Note: Keys containing escape sequences (e.g., "field\nname") are not interned because the raw JSON bytes differ from the decoded string. This is rare in practice and has negligible performance impact.
Summary
| Operation | Speed | Memory | Reductions |
|---|---|---|---|
| Encode plain data (large) | 5-6x | 2-3x less | 28,000x fewer |
| Encode plain data (medium) | 2-3x | 2-3x less | 200-2000x fewer |
| Encode structs (v0.3.3+) | ~2x improvement over v0.3.2 | similar | — |
| Decode (large) | 2-4.5x | similar | — |
| Decode (deep nested, v0.3.3+) | ~27% improvement over v0.3.2 | similar | — |
| Decode (keys: :intern) | +30%* | similar | — |
*For arrays of objects with repeated keys (API responses, DB results, etc.)
Bottom line: As of v0.3.3, RustyJson is fast across all encoding and decoding workloads, including deeply nested and small payloads.
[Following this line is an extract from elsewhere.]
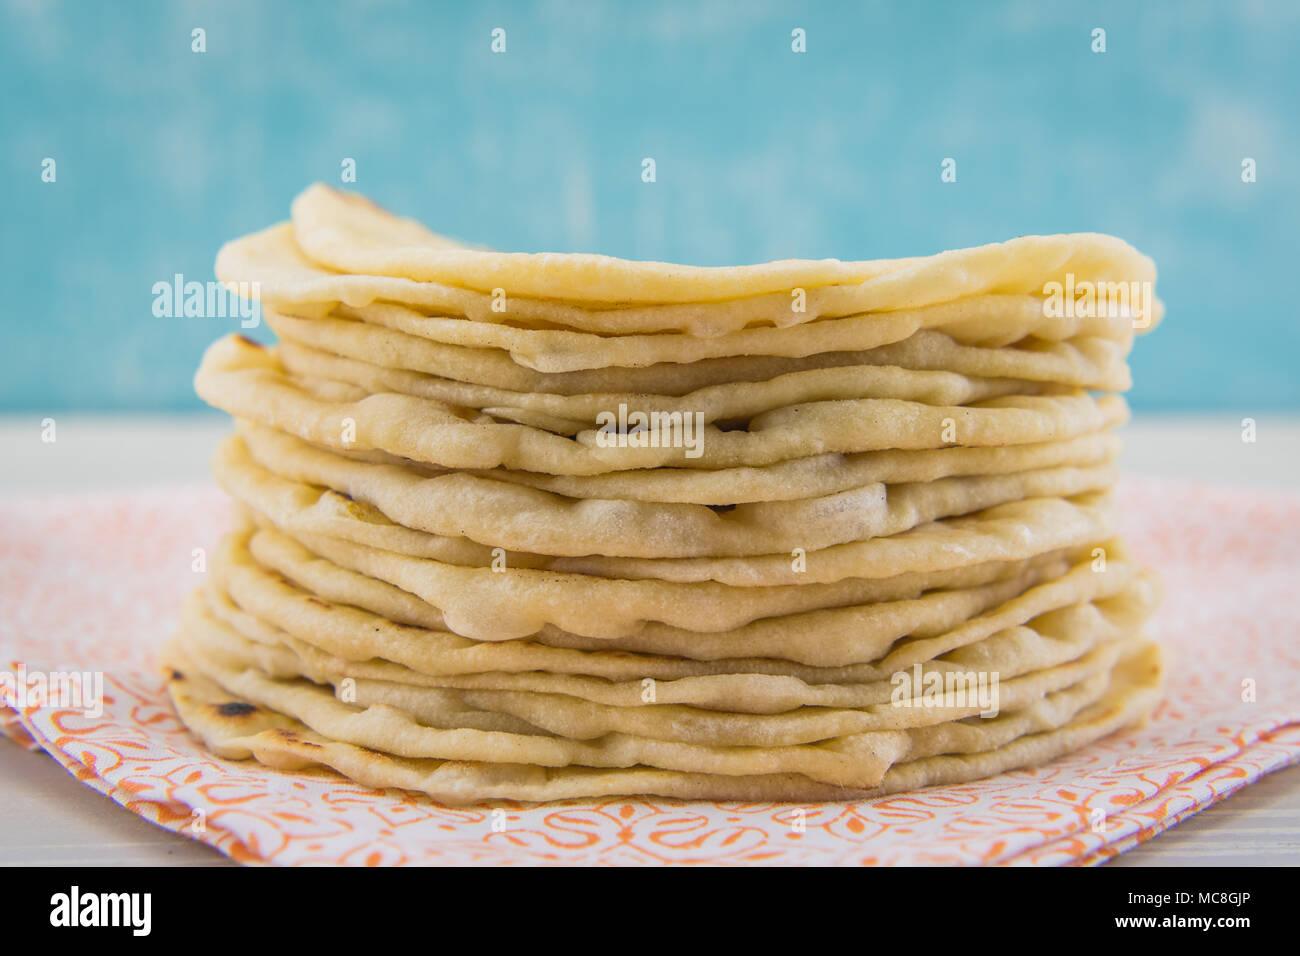 Stack of Fresh Floud Tortillas on Orange Cloth - Stock Image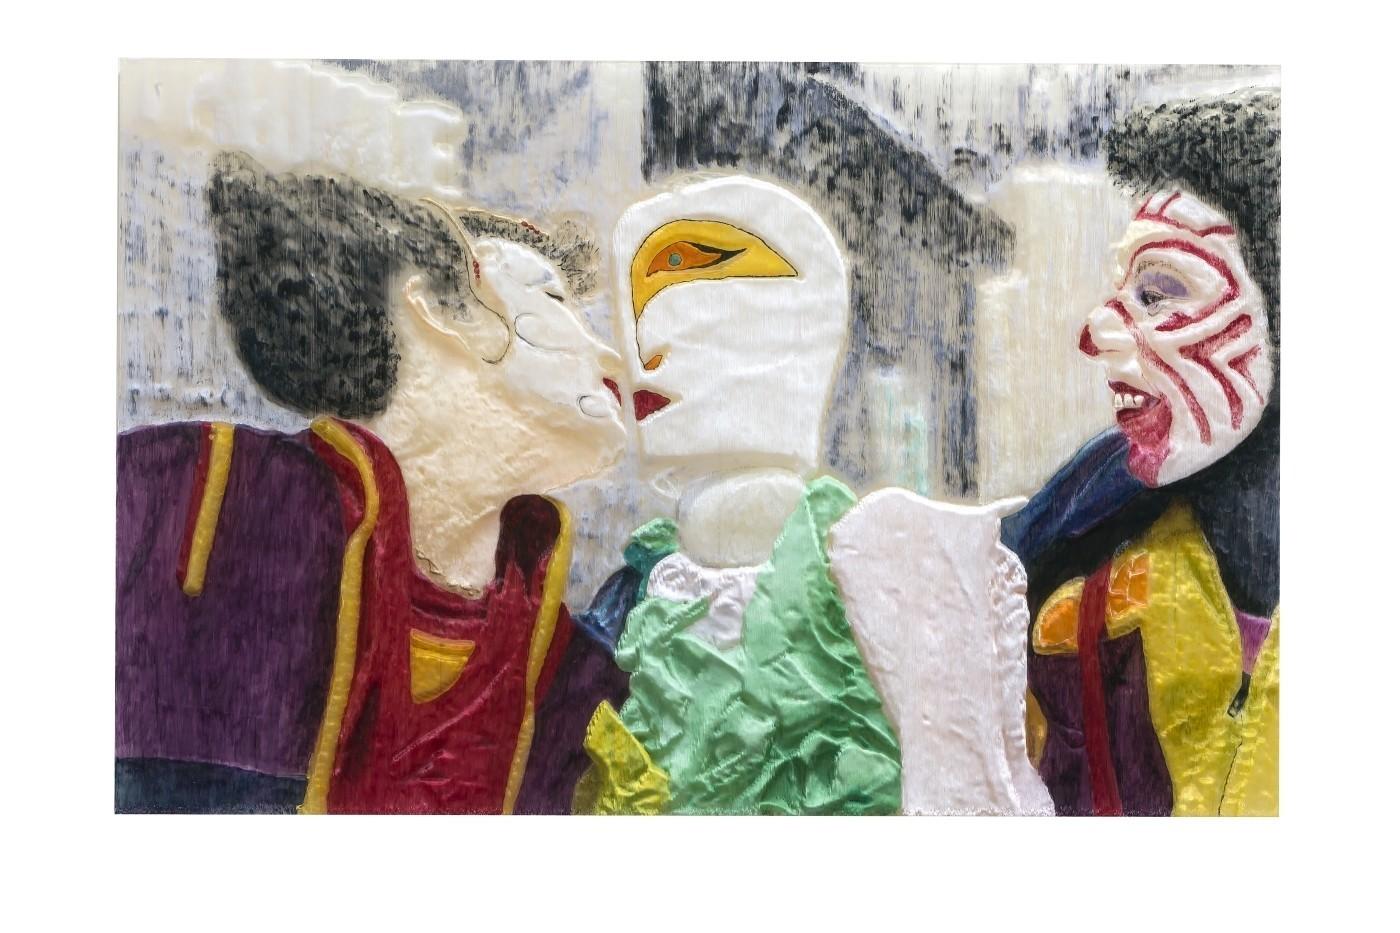 quadri 3d arredo casa Art 09 Quadro Funny Love dipinto a mano

Plain data encoding shows the largest gains (5-6x, 2-3x less memory, dramatically fewer BEAM reductions). Struct encoding was rewritten in v0.3.3 with a single-pass iodata pipeline. Deep-nested decode was optimized in v0.3.3 with a single-entry fast path that avoids heap allocation for single-element objects and arrays. For decoding bulk data, enable keys: :intern for an additional 30% speedup.